Interactions between Wheat Root System and Salt Stress Environments

Wheat (Triticum aestivum) is a dominant and staple crop around the globe; hence, a large portion of the population depends on this crop for their daily food consumption. However, wheat faces several environmental stressors in its surroundings that elicit a devastating effect on its productivity and yield. Therefore, wheat relies on several tolerance strategies to enhance its survival and yield capacity under sudden environmental perturbations, including salt stress. Wheat root systems respond to salt stress contact by coordinating regulatory actions that impact growth, physiology, and yield tolerance. The root systems-mediated signaling networks could be considered as salt tolerance messengers, as they pivotally control and lower salt-induced oxidative toxicities in wheat plants. In response to salt stress exposure, the root system induces adaptive modifications in their morphological, physiological, and metabolic well-being to overcome salt severity to a greater extent.
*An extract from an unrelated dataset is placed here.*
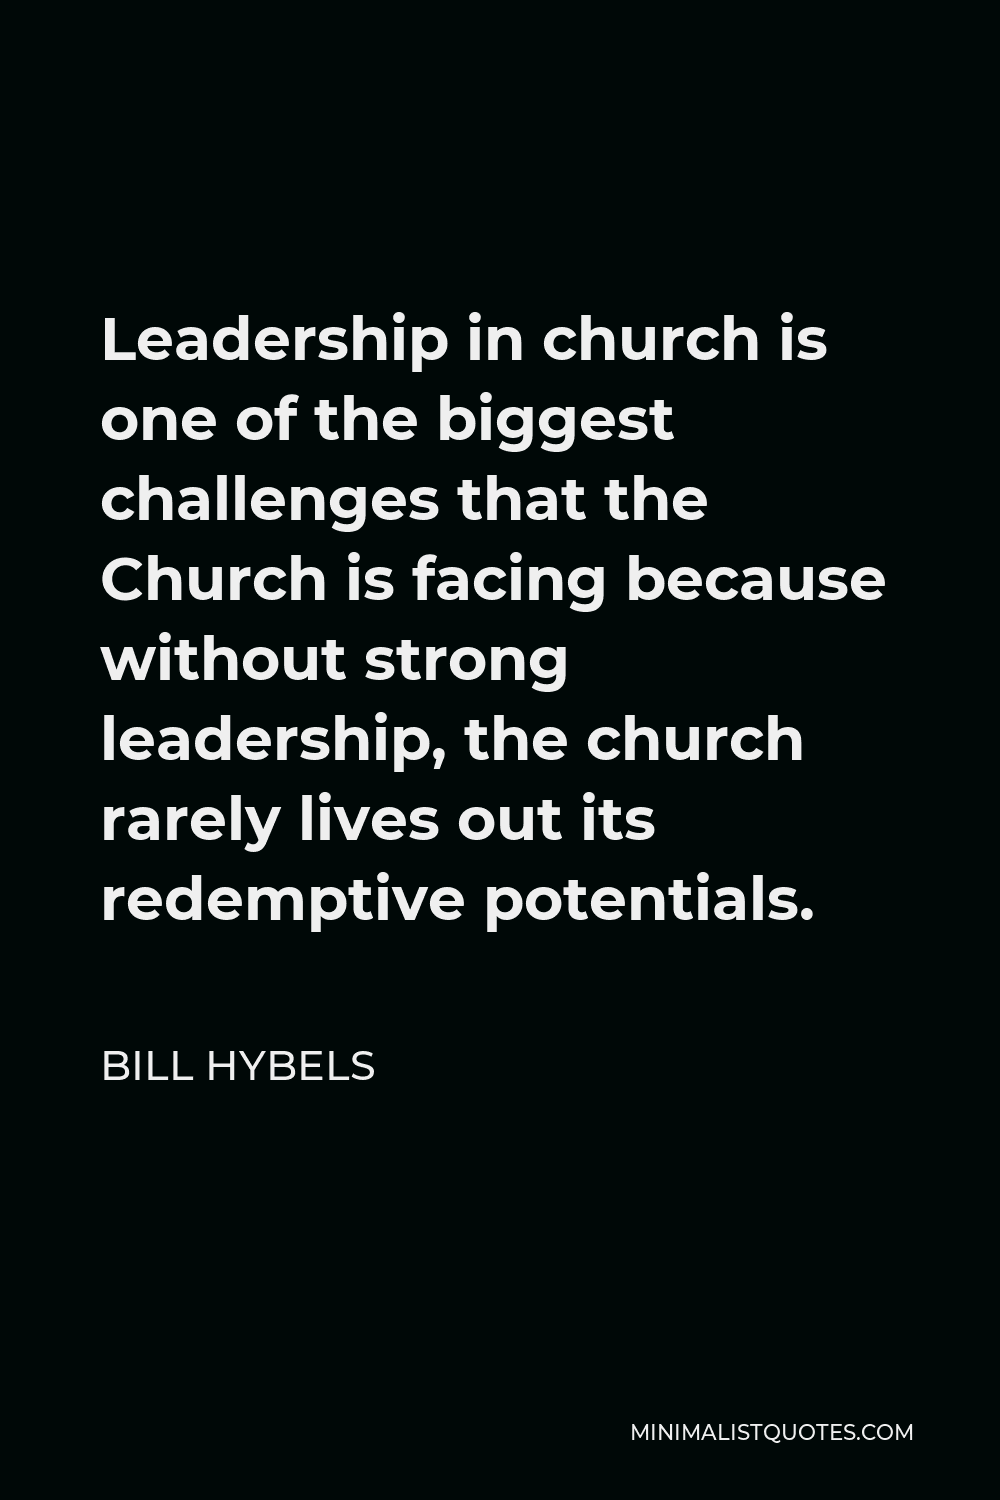 Bill Hybels Quote - Leadership in church is one of the biggest challenges that the Church is facing because without strong leadership, the church rarely lives out its redemptive potentials.

These mechanisms are pivotal in maintaining the equilibrium between the antioxidant metabolisms, providing relief from salt-mediated ionic, osmotic, and oxidative disorders. This can be further enhanced through biotechnological interventions encompassing omics strategies to finely tune root behavior, aiming to promote and protect the wheat productivity in response to salt environments. Thus, the present chapter highlights and focuses on the effects of salt stress on wheat plants and explains how root systems can help ameliorate plant morbidities. With a comprehensive understanding of root-mediated salt acclimatization, researchers could augment wheat defense mechanisms associated with the current and future concern for transgenic development to improve food security standards and crop nutrition values.